Reading for the club included What’s Our Problem? by Tim Urban—described as a self-help book for society—and The Ape That Understood the Universe: How the Mind and Culture Evolve by Steve Stewart-Williams—a book that examines how mankind might be reviewed by other species.

Reading the manifesto of Ted Kaczynski—later known as the Unabomber—was first suggested as a joke, Wexler and Martin added, and ultimately led to the book club disbanding because of the material.

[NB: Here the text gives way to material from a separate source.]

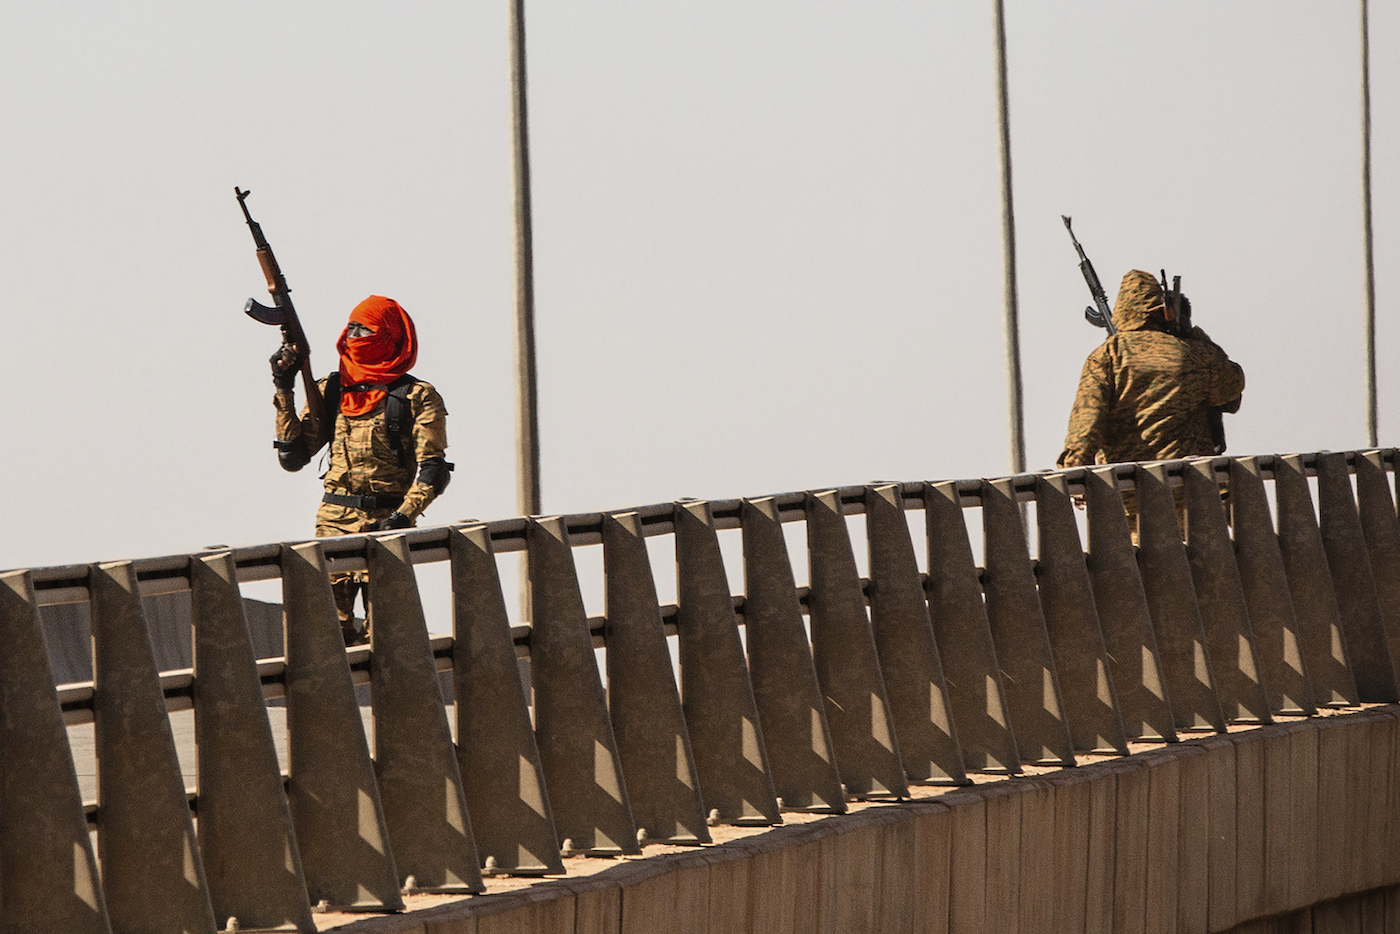 Burkina Faso: Military Coup in Ouagadougou

But Mangione seemingly read the script. In January, a Goodreads account with Mangione’s name and photo gave a four-star review to Theodore Kaczynski’s infamous anti-technology critiqueIndustrial Society and Its Future.

“It’s easy to quickly and thoughtless write this off as the manifesto of a lunatic, in order to avoid facing some of the uncomfortable problems it identifies,” Mangione wrote. “But it’s simply impossible to ignore how prescient many of his predictions about modern society turned out.”

Mangione's profile has since been made private but also reportedly included a reading list about back pain.

Mangione was charged with the Dec. 4 assassination of health insurance boss Thompson after the Ivy League graduate was arrested in connection with the event yesterday, when police apprehended him in a McDonald's in Altoona, Pa.